All other parameters rely on the defaults defined by sentry-sdk itself. Operetta does not override those internal defaults: if you do not set a field in SentryServiceConfig and do not provide it via extra_options, the behavior is identical to calling sentry_sdk.init without that argument. See the official documentation for the full list of options and their default values:
https://docs.sentry.io/platforms/python/configuration/options/
The extra_options parameter lets you supply any additional keys for sentry_sdk.init that do not have a dedicated field in SentryServiceConfig. These keys are merged last (overriding same-named ones) into the final options dict passed to the SDK.
Expose Prometheus metrics over HTTP with zero dependencies on third-party web frameworks.
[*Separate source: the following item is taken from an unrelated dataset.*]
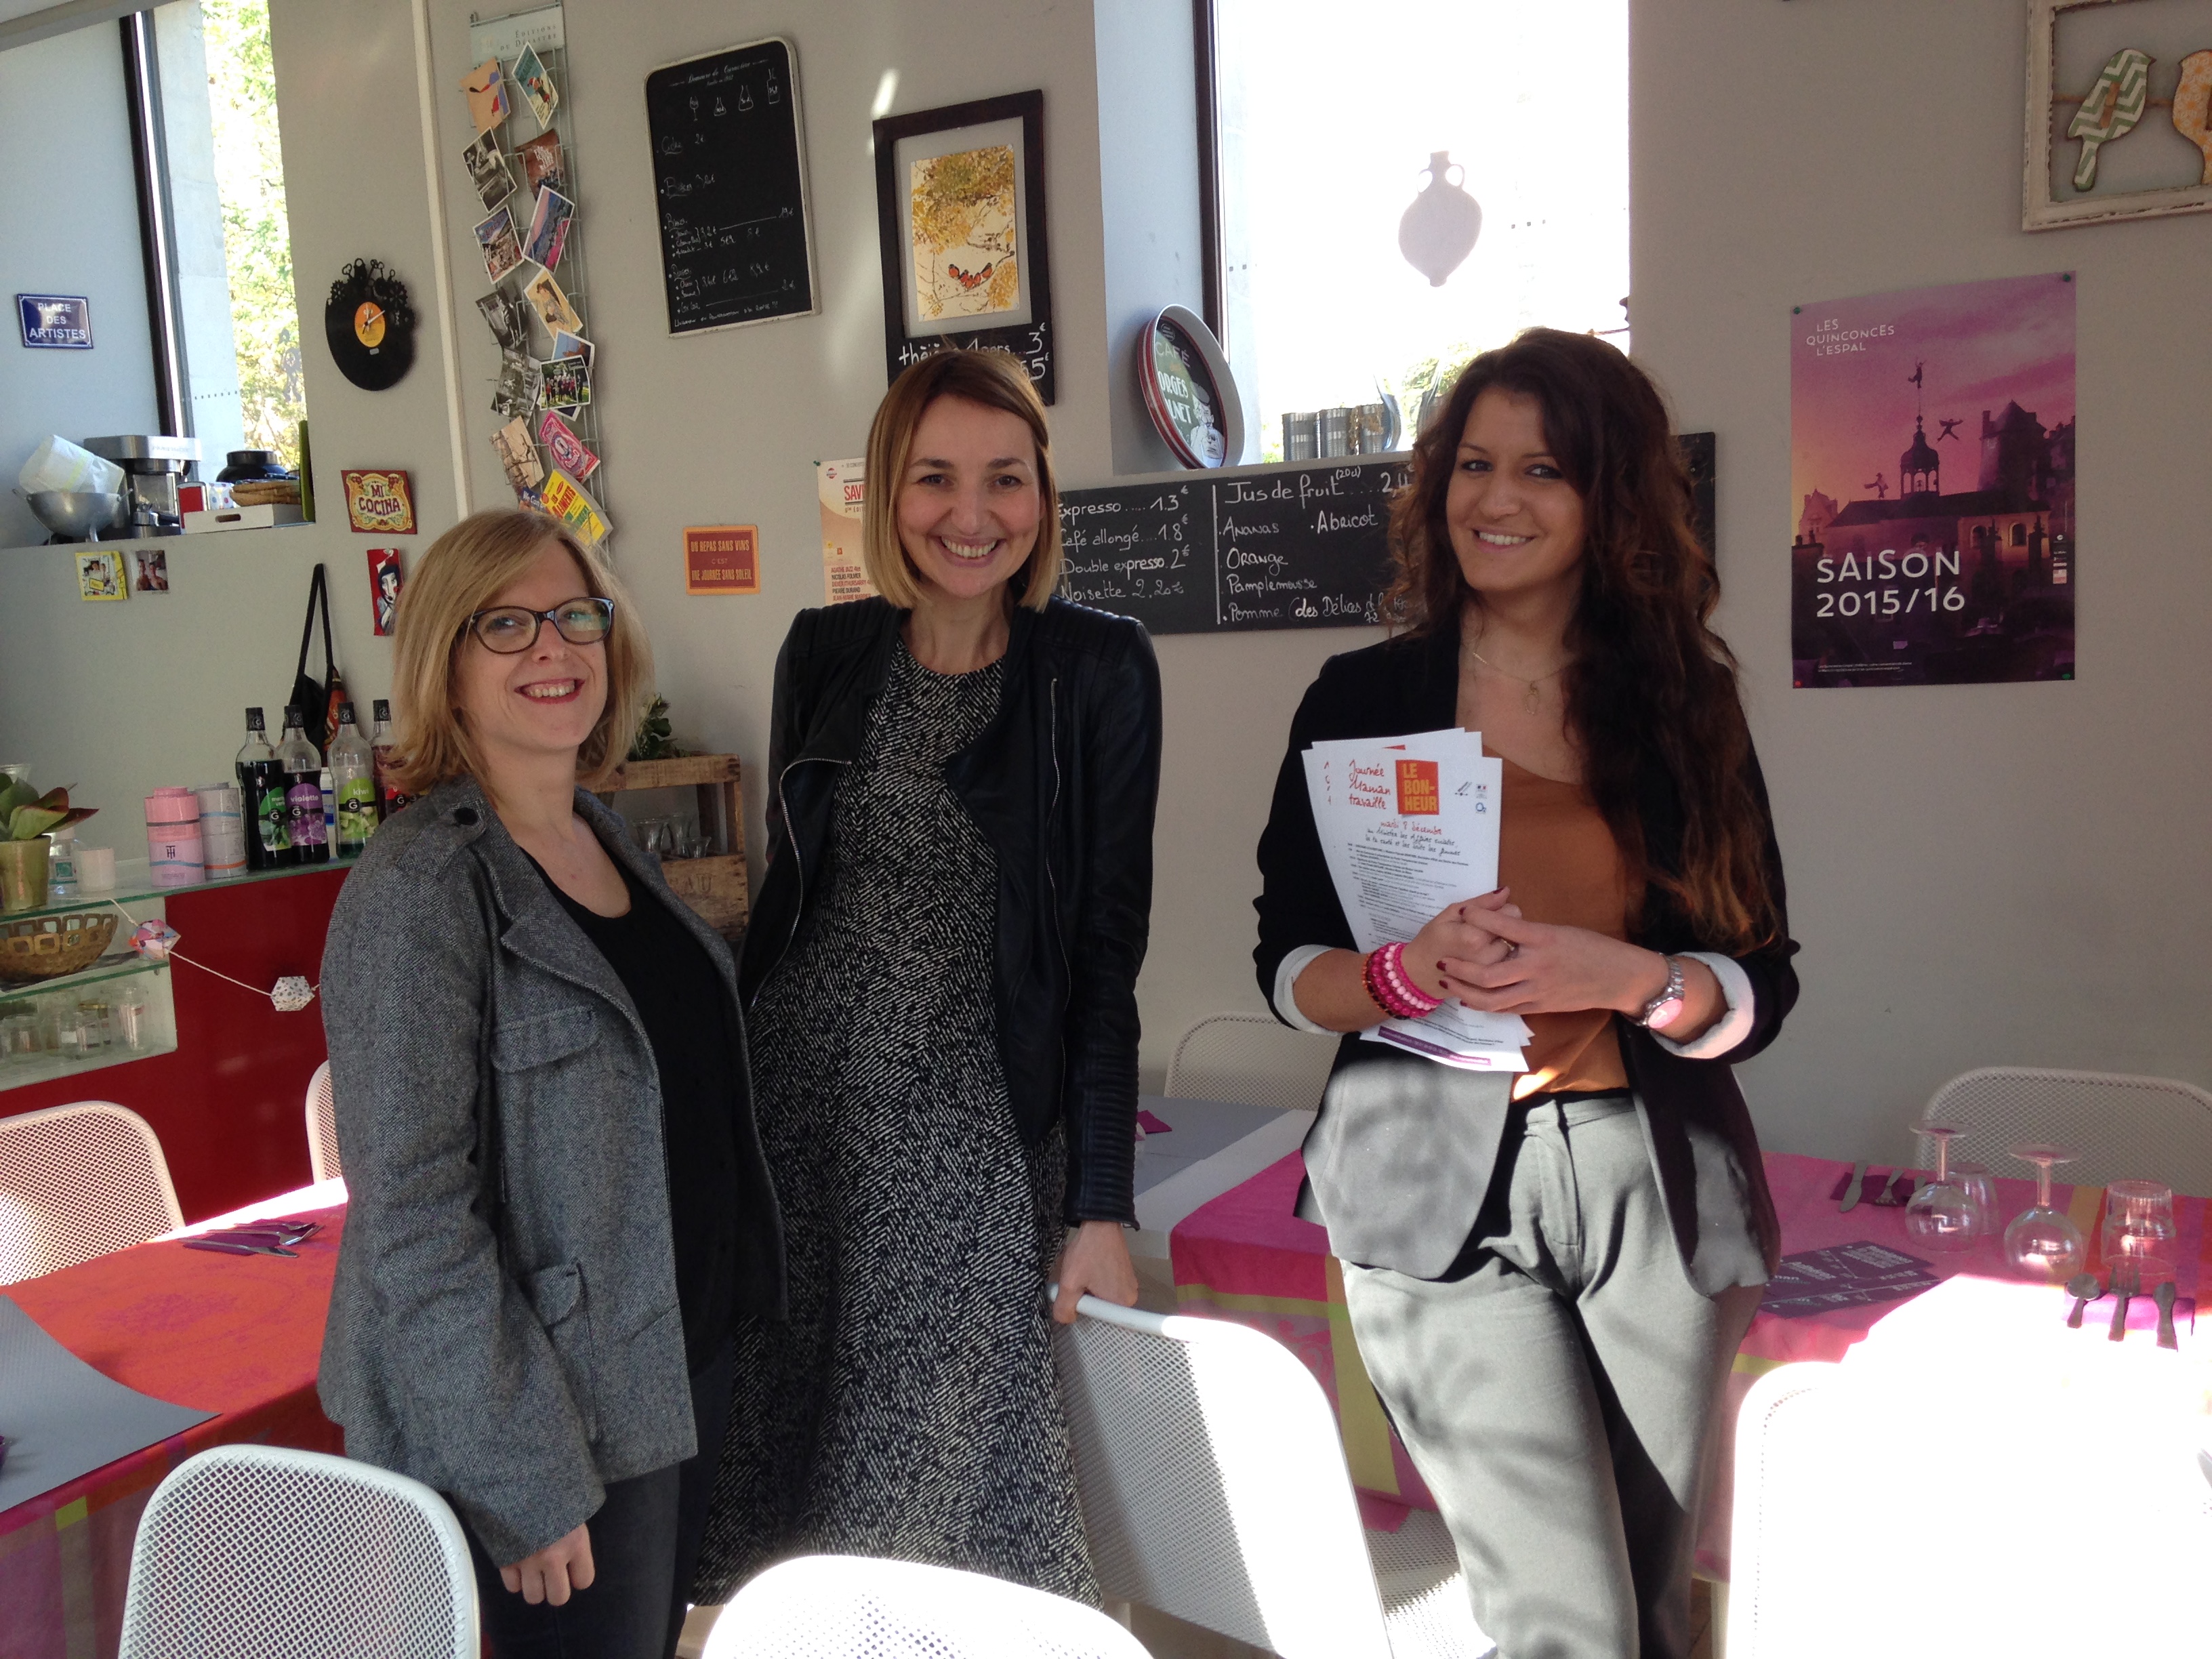 Marlène Schiappa créatrice de "Maman Travaille" avec Géraldine Durant & Marine Vevaux d'O2 lors de la Conférence de Presse Maman Travaille le 15 octobre 2015 au Mans

The service uses Python's standard library (asyncio.start_server) to serve metrics efficiently in asyncio environments.
Provided components:
PrometheusService— a tiny asyncio HTTP server exposing metrics on a configured endpoint.PrometheusConfigurationService— registers a config provider into DI.PrometheusServiceConfigProvider— readsApplicationDictConfig['prometheus']and decodes it intoPrometheusServiceConfig.
Install extra:
pip install 'operetta[prometheus]'How to wire it up:
from operetta.app import Application
from operetta.service.configuration import YAMLConfigurationService
from operetta.integrations.prometheus import (
PrometheusService,
PrometheusServiceConfigProvider,
)
app = Application(
YAMLConfigurationService(),
PrometheusService(), # constructor args override YAML
di_providers=[PrometheusServiceConfigProvider()],
)You can configure PrometheusService in three complementary ways:
- Constructor (
PrometheusService.__init__) — highest priority. - DI (
PrometheusServiceConfigresolved from provider) — overrides defaults. - Internal defaults — used if neither of the above specify a value.
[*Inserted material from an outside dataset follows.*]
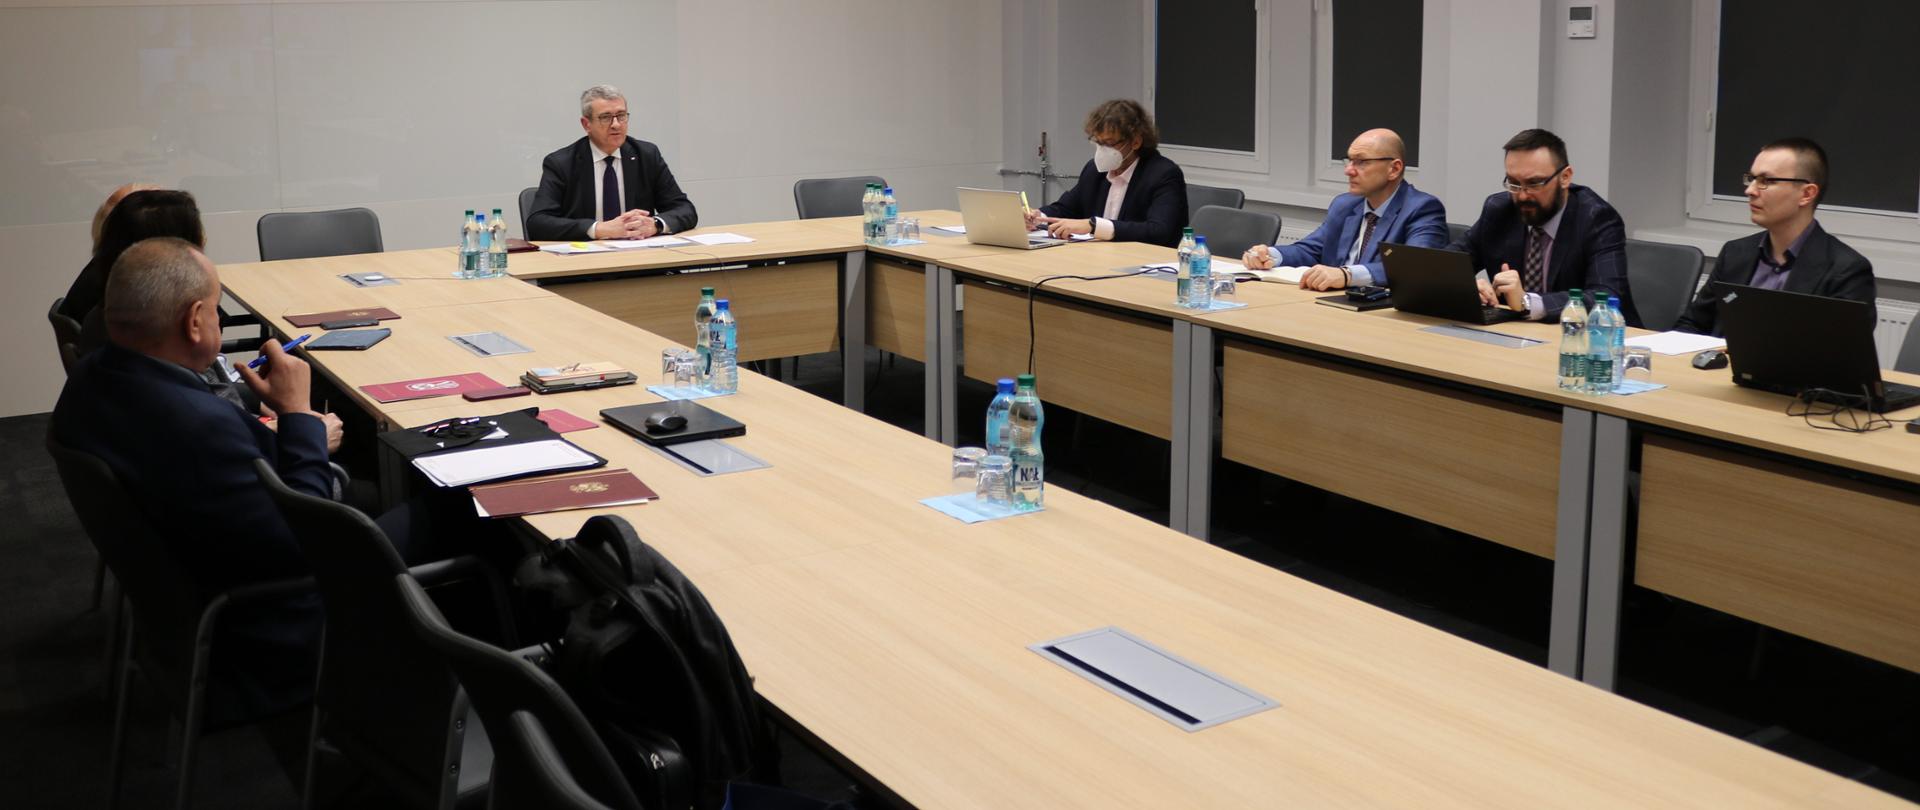 Posiedzenie Zespołu do spraw rozwiązań dotyczących wynagrodzeń na uczelniach publicznych z udziałem wiceministra Wojciecha Murdzka, wiceminister Wojciech Murdzek siedzi przy stole z innymi uczestnikami posiedzenia.

YAML keys (all optional) live under the prometheus: section:
prometheus:
address: 0.0.0.0
port: 9000
endpoint: /metrics
enabled: trueCustom config provider example (env-vars):
import os
from dishka import Provider, Scope, provide
from operetta import Application
from operetta.integrations.prometheus.config import PrometheusServiceConfig
from operetta.integrations.prometheus import PrometheusService
class EnvPromConfigProvider(Provider):
scope = Scope.APP
@provide
def get_config(self) -> PrometheusServiceConfig:
return PrometheusServiceConfig(
address=os.getenv("PROM_ADDRESS", "0.0.0.0"),
port=int(os.getenv("PROM_PORT", "9000")),
endpoint=os.getenv("PROM_ENDPOINT", "/metrics"),
enabled=os.getenv("PROM_ENABLED", "true").lower() == "true",
)
app = Application(
PrometheusService(),
di_providers=[EnvPromConfigProvider()],
)- By default, the global Prometheus registry is used. If you want a custom registry, provide one via DI:
from operetta import Application
from operetta.integrations.prometheus import PrometheusService
from dishka import Provider, Scope, provide
from prometheus_client import CollectorRegistry
class PromRegistryProvider(Provider):
scope = Scope.APP
@provide
def get_registry(self) -> CollectorRegistry:
return CollectorRegistry()
app = Application(
PrometheusService(),
di_providers=[PromRegistryProvider()],
)- Create and register metrics as usual using prometheus-client; they will be collected from the registry the service uses (global by default, or your DI-provided one):
from prometheus_client import Counter, REGISTRY
# Using default (global) registry
REQUESTS = Counter('http_requests_total', 'Count of HTTP requests')
REQUESTS.inc()
# If you provided a custom registry, pass it explicitly when creating metrics:
from prometheus_client import Counter, CollectorRegistry
registry = CollectorRegistry()
CUSTOM_COUNTER = Counter('my_counter', 'Help', registry=registry)
CUSTOM_COUNTER.inc()- HTTP details:
- Methods: GET and HEAD.
- Path match ignores query string (e.g.,
/metrics?format=...). - Content-Type is set to Prometheus TEXT format.
- The server is a tiny asyncio server based on the standard library.